The BayesCπ method allowed us to identify the most informative markers potentially involved in the formation of the CEC trait. 10 SNPs with the highest contribution were identified, for which the effects and the proportion of explained phenotypic variance were calculated (Table 1). The SNP effects ranged from 0.0029 to 0.0032, indicating a moderate influence of each individual locus. At the same time, each of these markers explained from 10.9% to 12.3% of the phenotypic variance, which can be considered highly informative for a complex agronomic factor.

To account for the population structure, Principal Component Analysis was performed. The scree plot (Figure 7) shows that the first two components explain most of the genetic variance (~23% and ~8%, respectively). Based on the results, 2 PCs were included in the model as covariates.

A limitation in this work was the use of BayesCπ only on a subset of SNPs due to the method’s high computational load. Because of this, the analysis was not performed on the entire SNP set (~394K), but only on a limited subset. This does not allow for a direct, full comparison with other methods on the entire dataset. In addition, the analysis was performed only for one trait (CEC), without testing the results on other phenotypes or samples. In the future, it will be possible to test the models on other traits and populations.

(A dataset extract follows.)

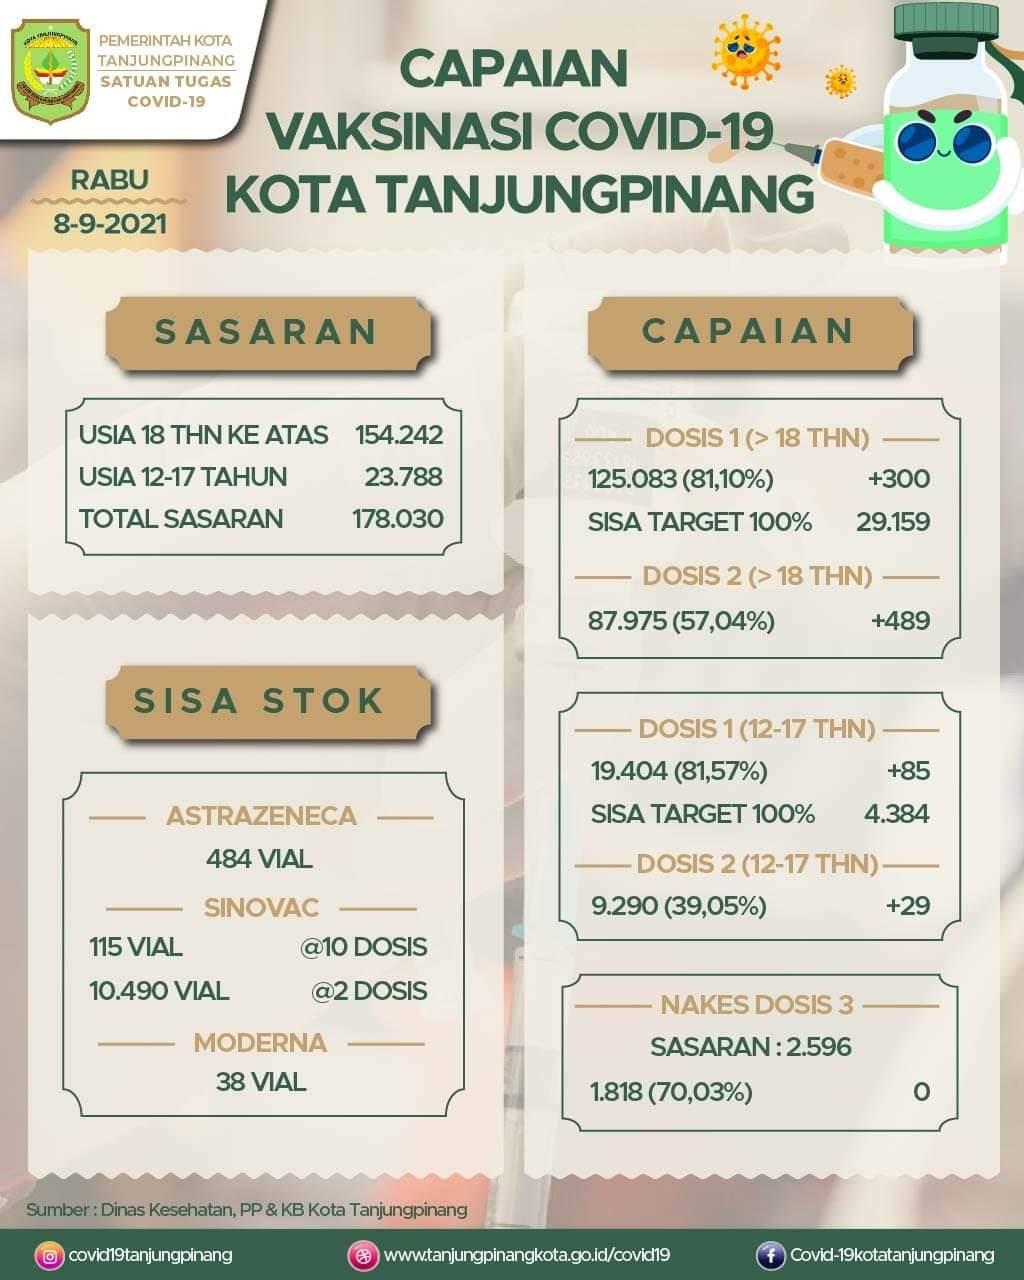 Tabel Capaian Vaksinasi Covid- 19 Di Kota Tanjungpinang.

In this study, four GWAS methods were compared to identify SNPs associated with cation exchange capacity (CEC) in oats (Avena sativa L.).

The results confirm that the choice of method significantly affects the number, reliability, and interpretability of the associations found. FarmCPU and BayesCπ showed high sensitivity, while MLM provided strict control of false positive results. BLINK, in turn, showed exceptional speed in obtaining results.

The results of this work will help researchers select suitable GWAS models for the analysis of complex traits and contribute to the development of strategies for selecting optimal GWAS models for the analysis of agronomically significant traits.